• Exercise requirements:
Transcribe only the part of the material below that begins at the line containing "Flötenförmiges Tischgestell aus" and ends at the line containing "Fließende, geriffelte Details", with both kept and images left out.

• Records:
== == ==
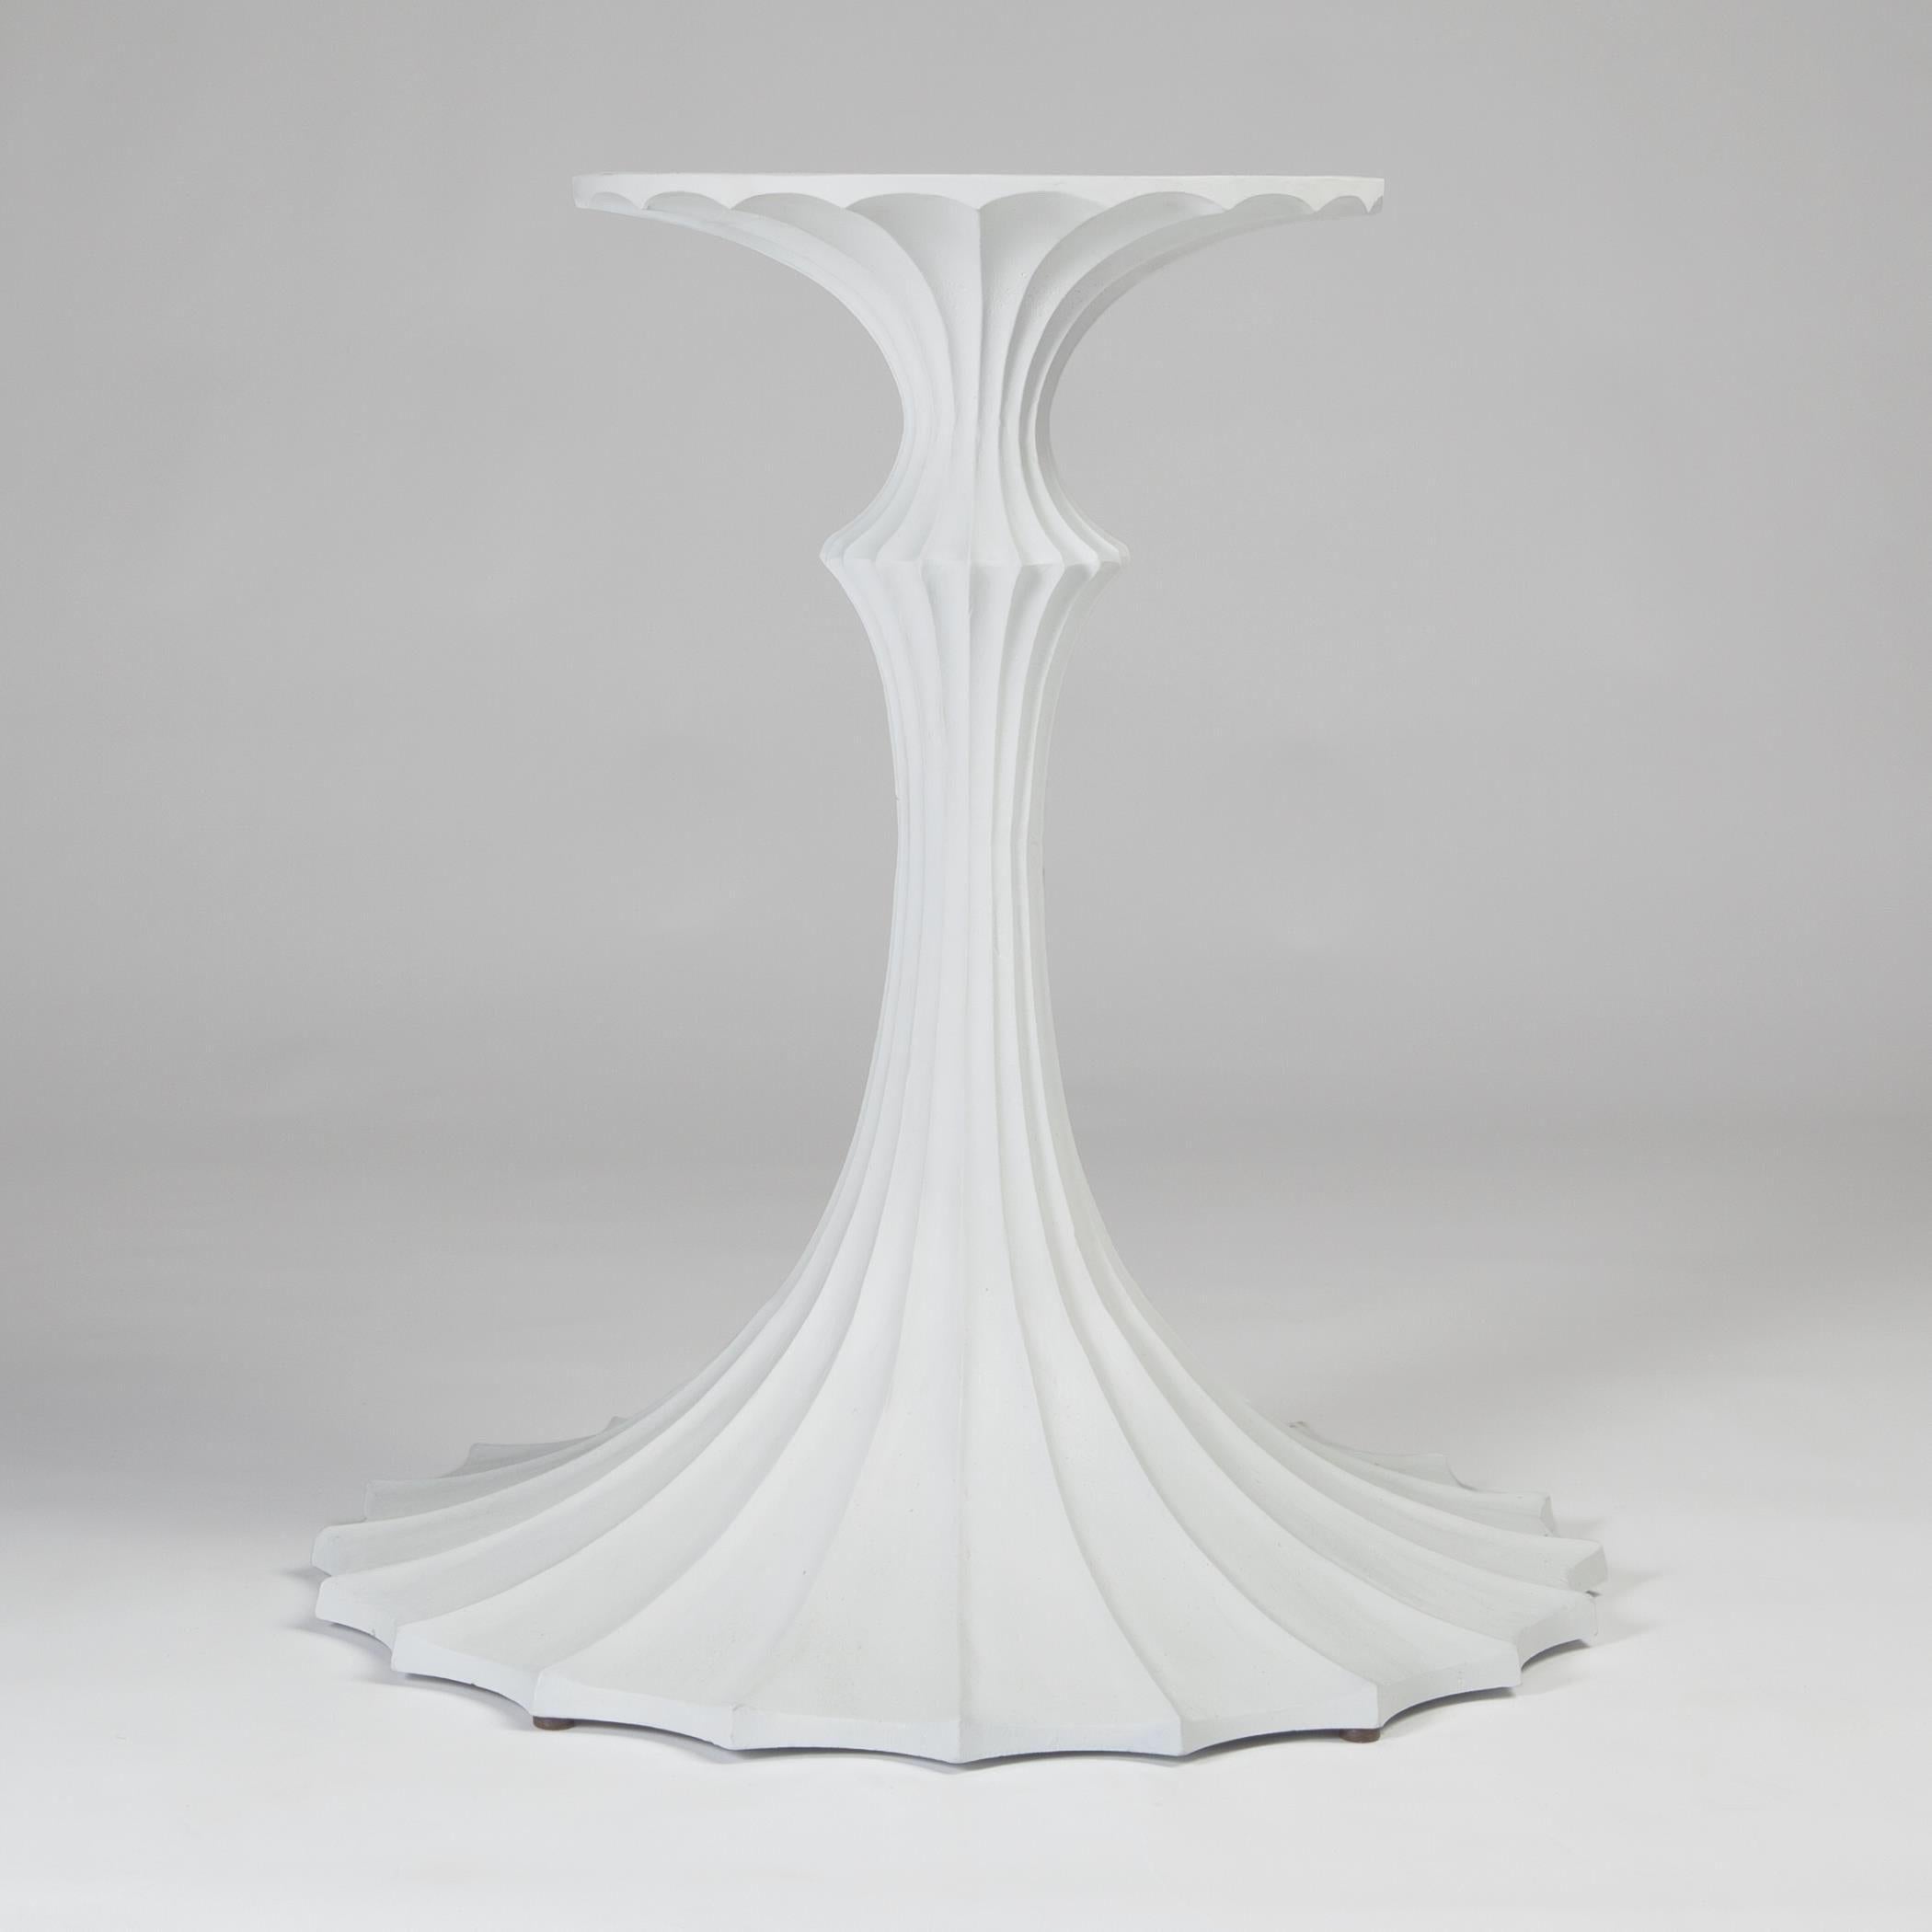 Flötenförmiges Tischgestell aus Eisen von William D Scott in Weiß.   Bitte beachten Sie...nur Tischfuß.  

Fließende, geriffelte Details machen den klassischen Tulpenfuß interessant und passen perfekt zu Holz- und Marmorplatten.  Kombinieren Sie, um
== == ==
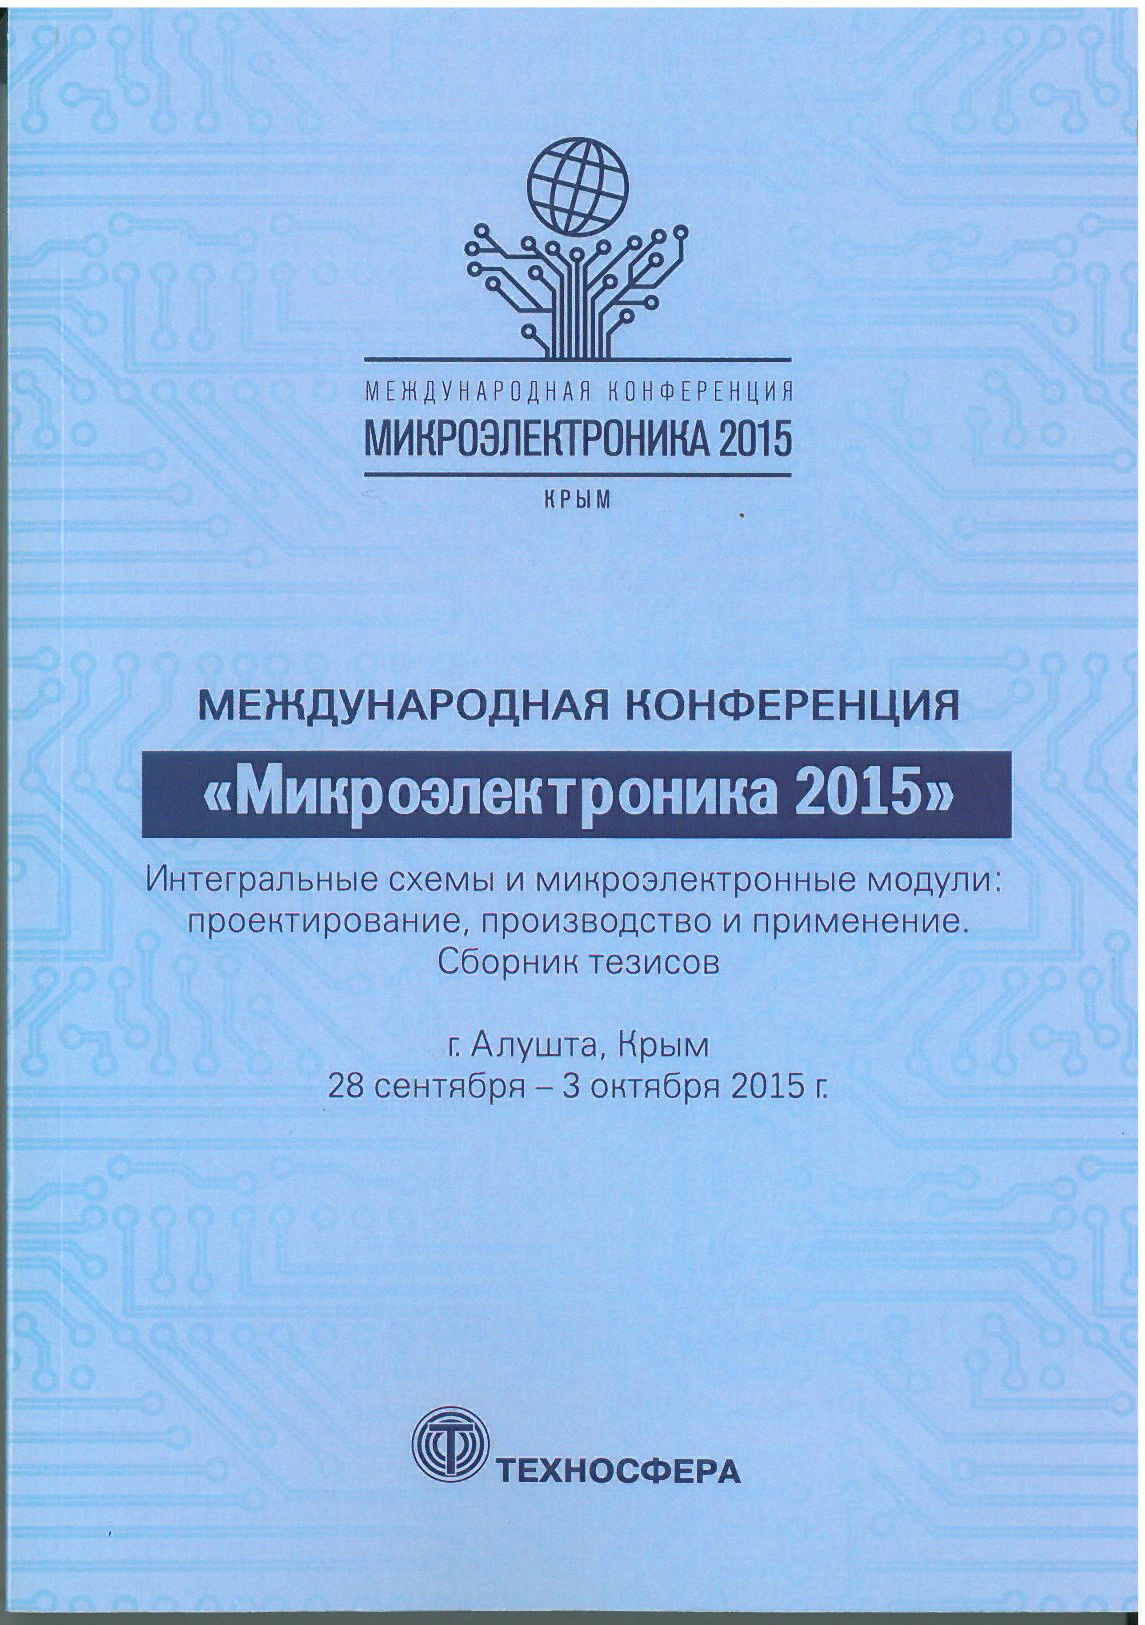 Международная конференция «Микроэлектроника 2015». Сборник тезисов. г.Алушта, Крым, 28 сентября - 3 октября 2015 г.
== == ==
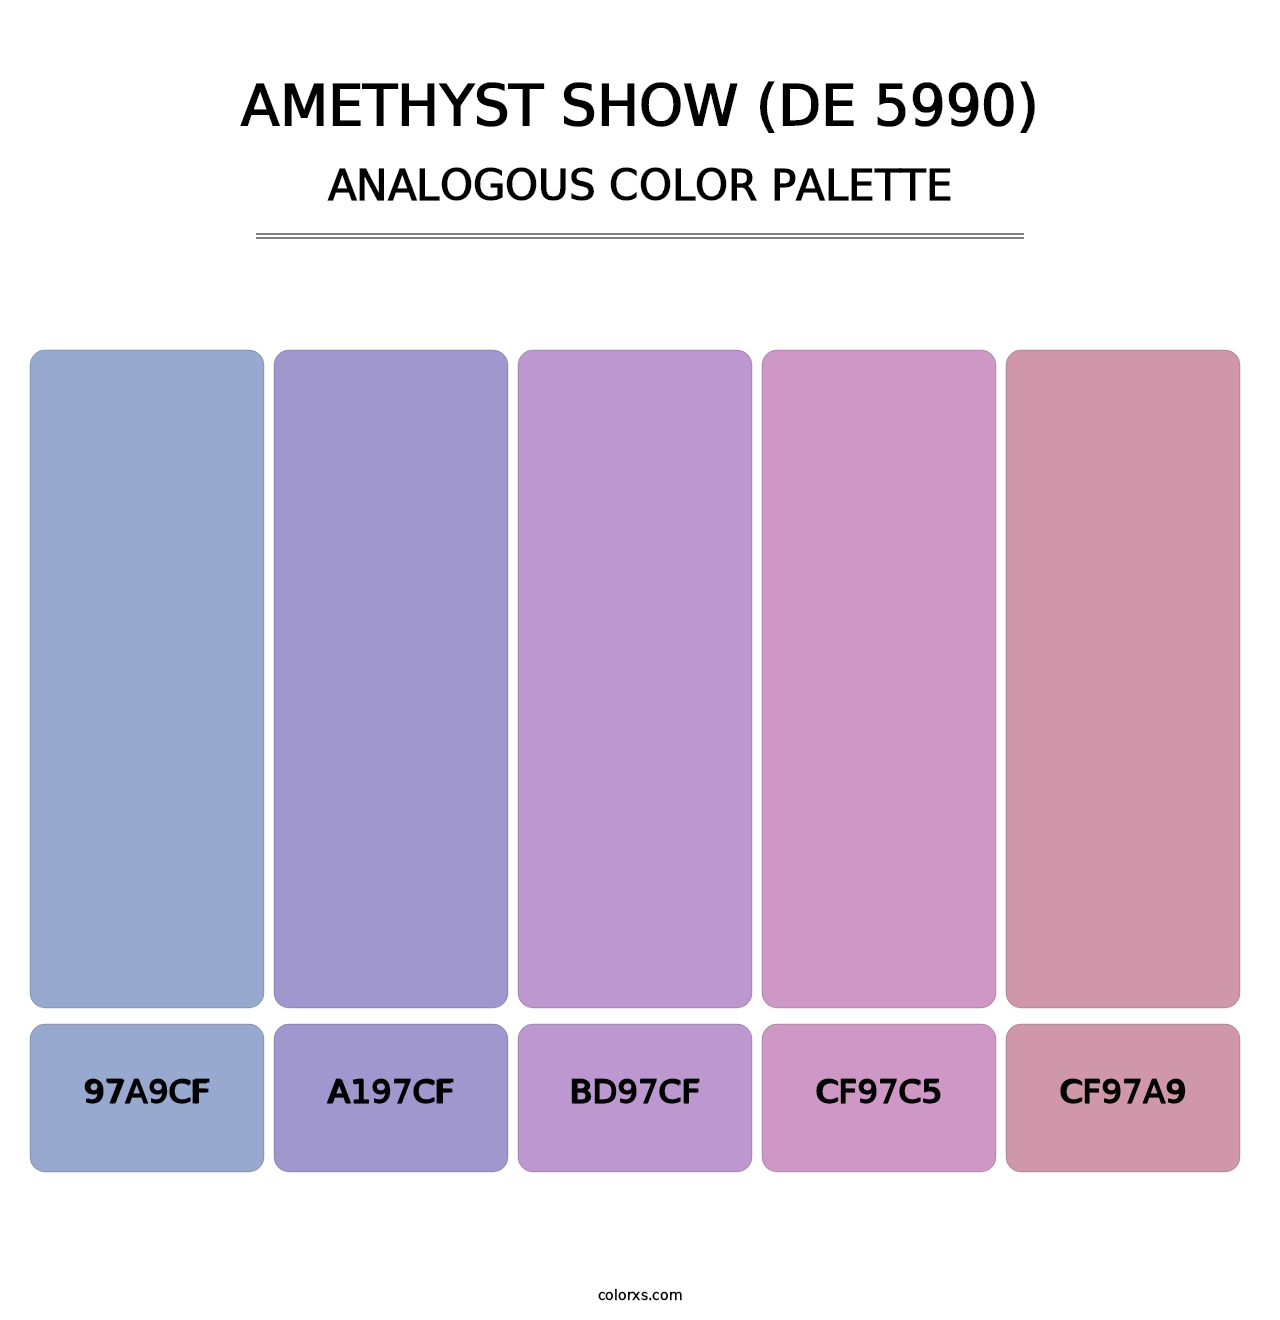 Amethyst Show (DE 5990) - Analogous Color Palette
== == ==
• Your solution:
 Flötenförmiges Tischgestell aus Eisen von William D Scott in Weiß.   Bitte beachten Sie...nur Tischfuß.  

Fließende, geriffelte Details machen den klassischen Tulpenfuß interessant und passen perfekt zu Holz- und Marmorplatten.  Kombinieren Sie, um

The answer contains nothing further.